Lucy C. Chappell, PhD, and colleagues evaluated the diagnostic accuracy of a low plasma placental growth factor concentration test (Triage PlGF Test, Alere) in a prospective multicenter study. They performed the test on 625 women at 20 weeks’ gestation or later with suspected preeclampsia.

“The test is designed to differentiate women with preeclampsia from those with high BP alone,” Chappell, of King’s College, London, said in a press release. “Current tests for the condition only detect that it’s happening, rather than predicting it, and by that time the disease has progressed and has likely already caused organ damage.”

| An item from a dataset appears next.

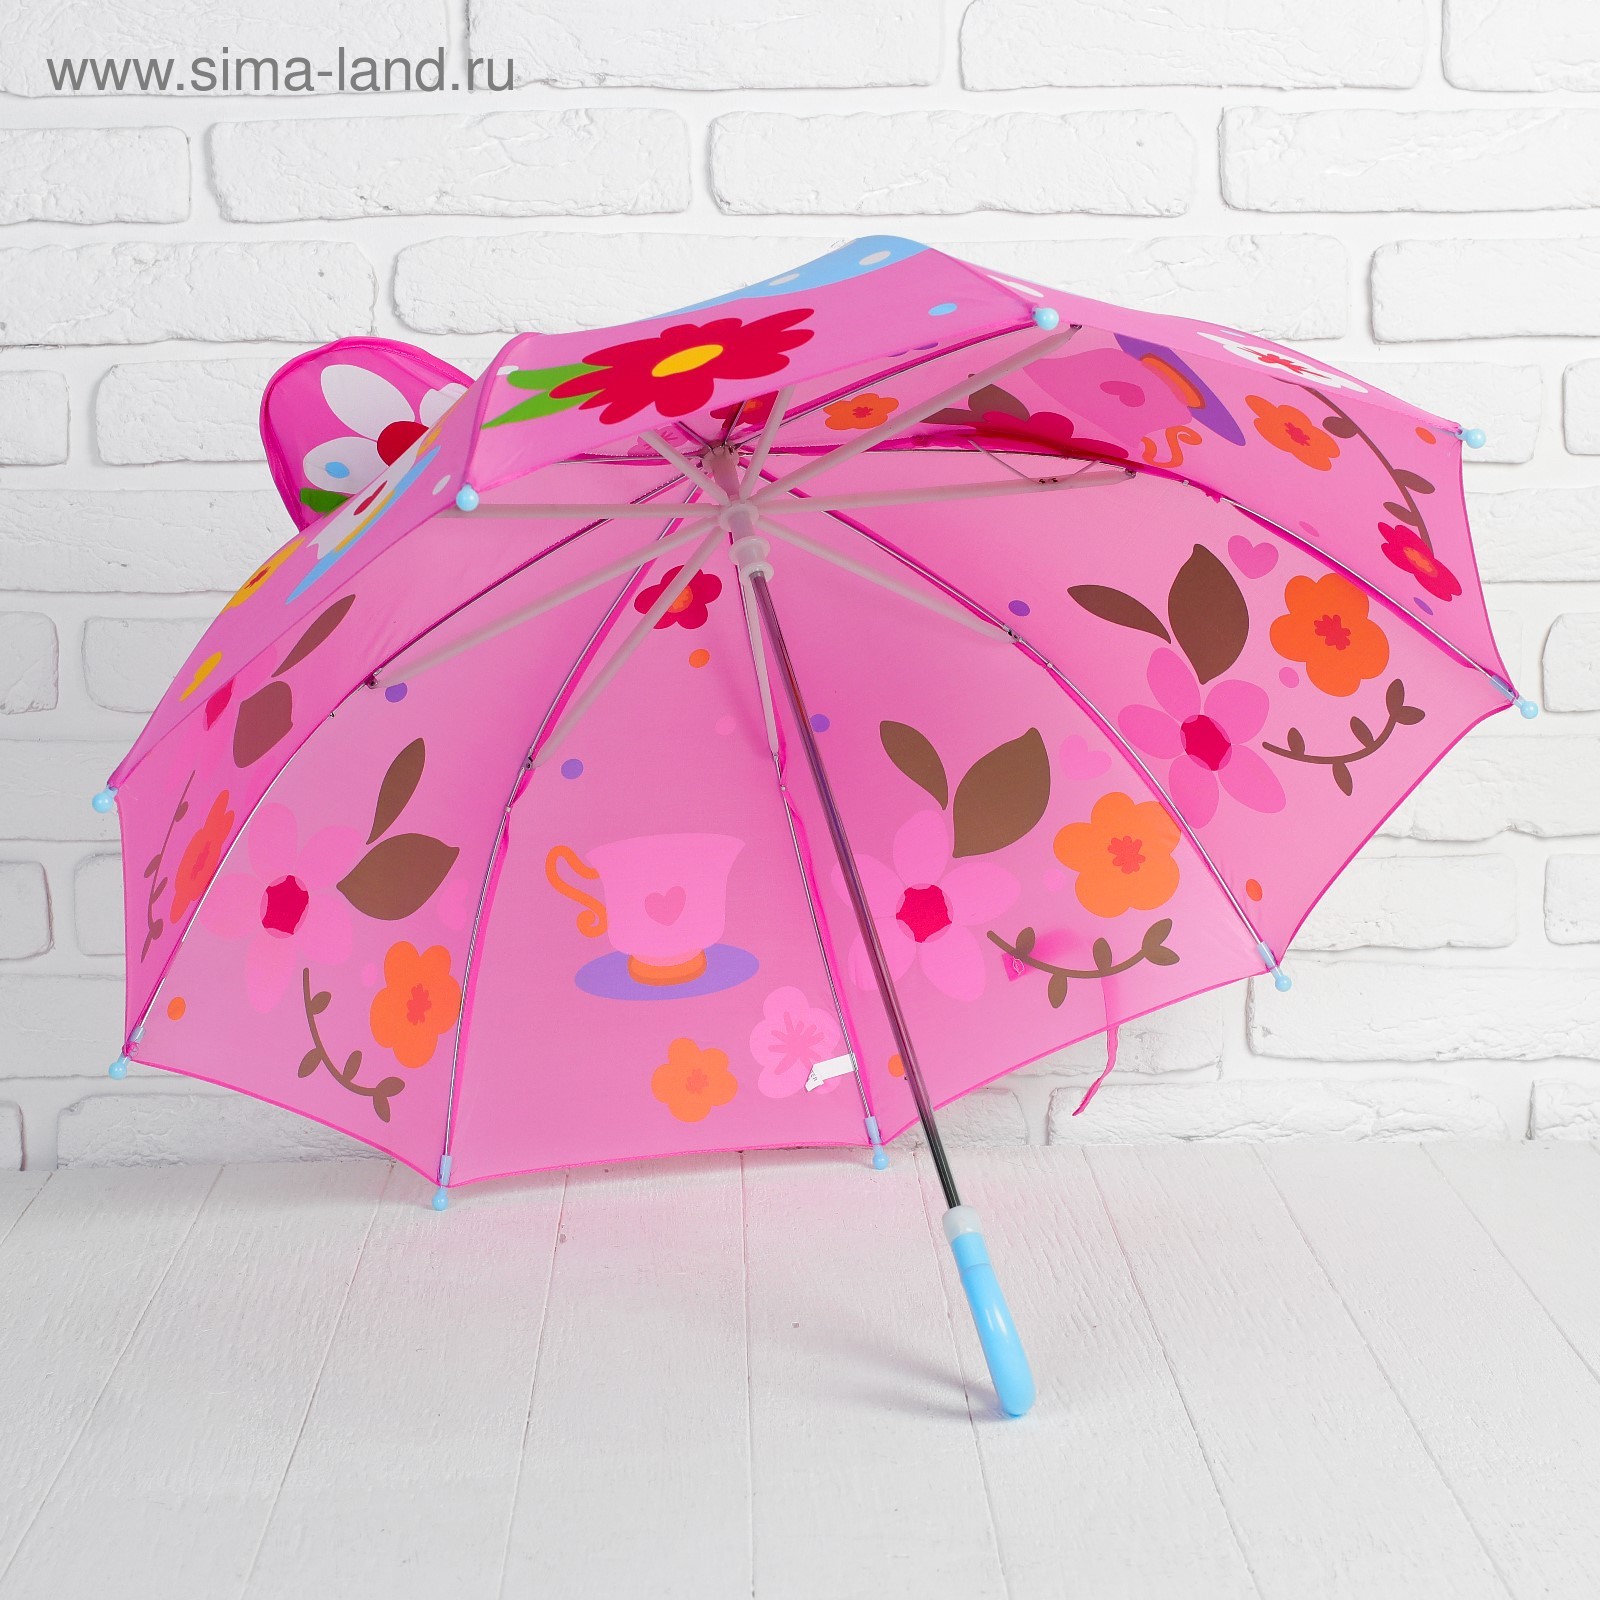 Где купить зонтик. Детские зонты. Зонтик для детей. Детский зонтик для девочки. Детский зонт красивый.

The primary outcome was delivery for confirmed preeclampsia within 14 days of testing. The definition of a positive test was placental growth factor concentration <5th percentile for gestational age. Calculation of percentiles was based on 1,366 samples from a control group of 247 women with normal pregnancies.

The test was highly sensitive for the 287 women enrolled before 35 weeks’ gestation (0.96; 95% CI, 0.89-0.99) and had negative predictive value for delivery for preeclampsia within 14 days (0.98; 95% CI, 0.93-0.995), although its specificity was lower (0.55; 95% CI, 0.48-0.61). Sensitivity was lower for the 137 women enrolled at 35 weeks’ and 36 weeks’ gestation (0.7; 95% CI, 0.58-0.81) and for the 201 enrolled at 37 weeks’ gestation or later (0.57; 95% CI, 0.46-0.68).

The area under the receiver operating characteristic curve for low placental growth factor (0.87) for predicting delivery for confirmed preeclampsia within 14 days of testing was greater than all other tests commonly in use, including systolic BP (0.67), diastolic BP (0.66), uric acid (0.68), alanine transaminase (0.61) and dipstick proteinuria (0.76), as well as any combination of those tests (P<.001 for all comparisons).

“The test identifies women at high risk for developing preeclampsia, so doctors can better monitor and treat the BP,” Chappell said in the press release. “It also prevents unnecessary hospitalizations of those who are not likely to develop preeclampsia.”

Disclosure: The study was funded in part by Alere. Several researchers report financial ties with Alere, Metabolomic Diagnostics, Perkin Elmer and Roche.